The outlook for global advertising looks robust, even against the backdrop of continuing macro uncertainty. That’s the top line from Citi’s 3rd survey of chief marketing officers which questioned 175 CMOs across 5 countries.
The expectation is for 10.5% growth in advertising over the coming 12 months and 18.5% over the next 2-3 years, implying a very robust CAGR of 6%-9%.
Anticipated Change in Marketing Budgets Over Time
Percentage of Revenues Spent on ALL Forms of Advertising
Breaking it down further, the U.S. is set for 7.0% over the coming 12 months (down from 9.5% in the last survey), the UK +11.8% (stable), India +10.1% (up from 6.1% in January), China +16.1% (up from 10.6% in January) and Brazil +7.7% (down from 15.4%).

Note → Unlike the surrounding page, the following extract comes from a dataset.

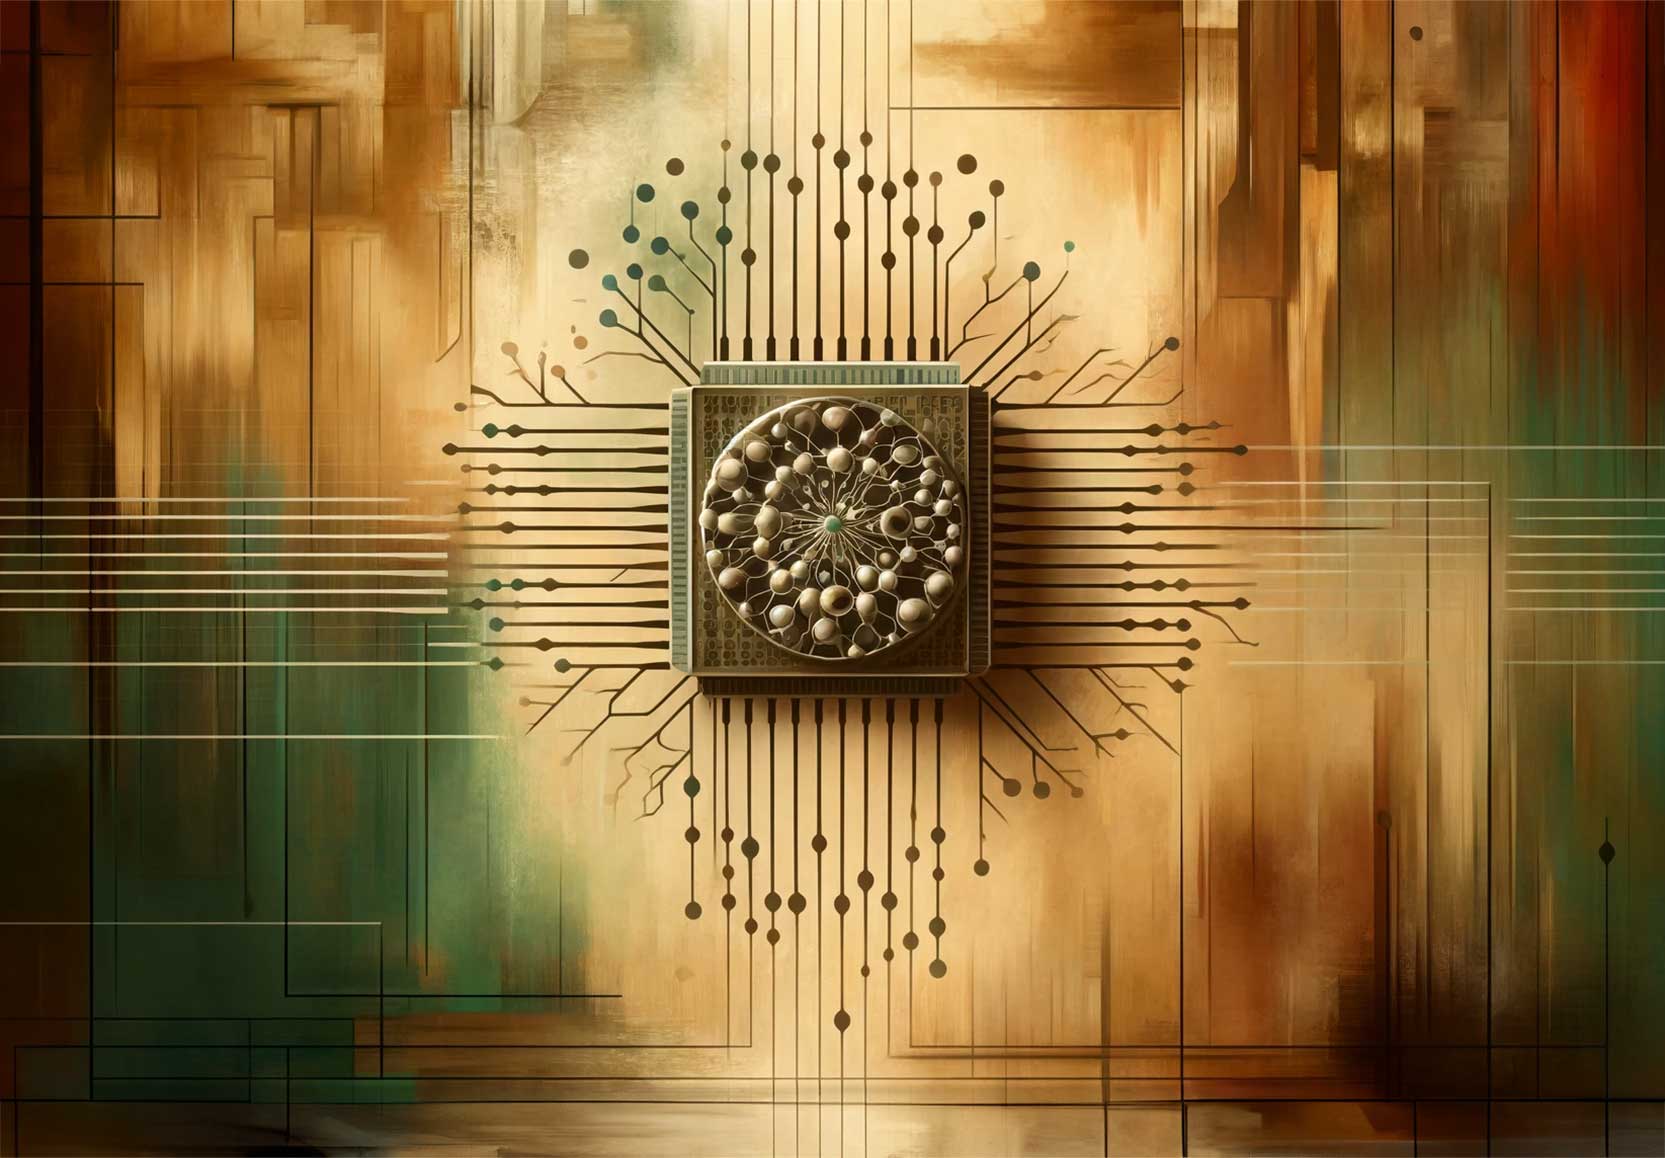 A stylized image of a processor

The second key finding was that short form digital video not only continues to be the largest single allocation, but is one of only two categories set to continue to take share both on a 12-month and 36-month view, the other being ‘Digital – Other Brand Advertising’. What is striking, the team says, is that other forms of digital, in particular Search and Performance Marketing are set to see diminishing share over the next 2-3 years.
Also, when the team looked at the ‘hot’ categories of Connected TV and Retail Media, they identified a contrast in outlook with the former actually expected to see a diminishing allocation over time (from 8.2% of budgets to 7.2%).

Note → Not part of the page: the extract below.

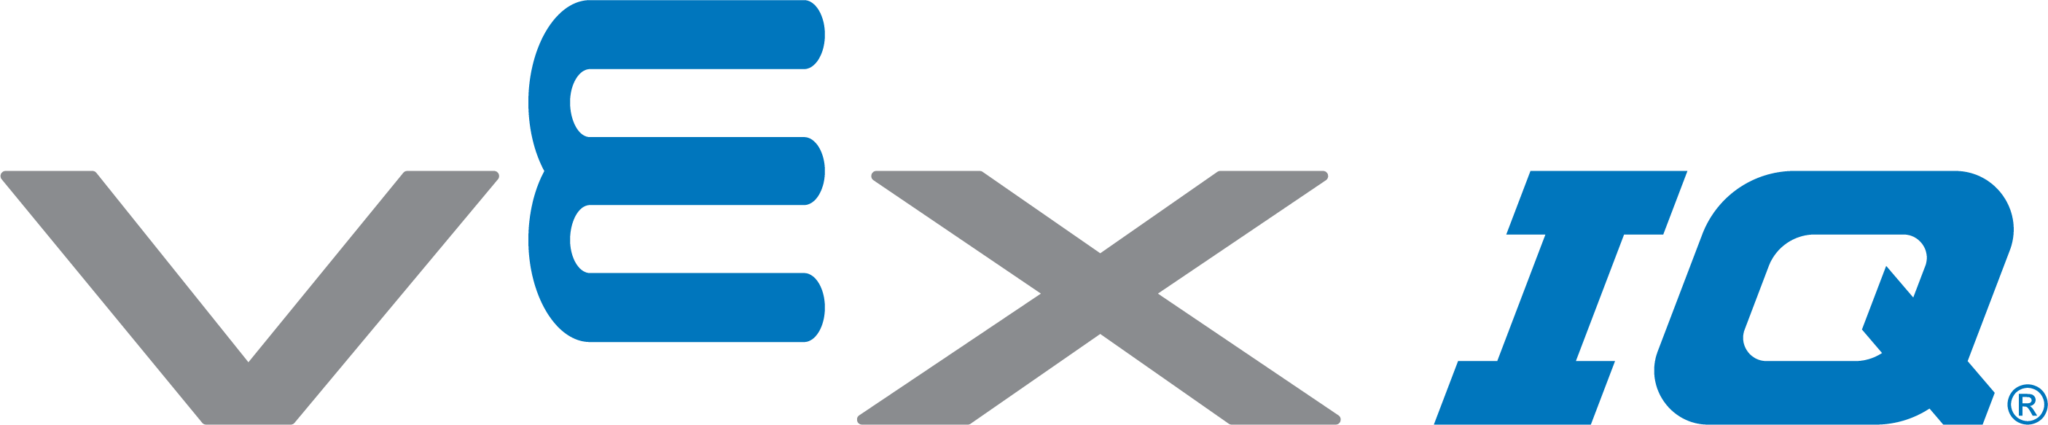 Vex IQ logo in Blue and White

By contrast Retail Media is expected to take share albeit from a lower base (from 5.7% to 5.9%). Indeed in a recent Citi Research report Ygal Arounian takes a deep dive into the how Retail Media has gained significant importance to advertisers in recent years propelled by the growth in eCommerce, shift in the privacy landscape, and better data, targeting, and measurement.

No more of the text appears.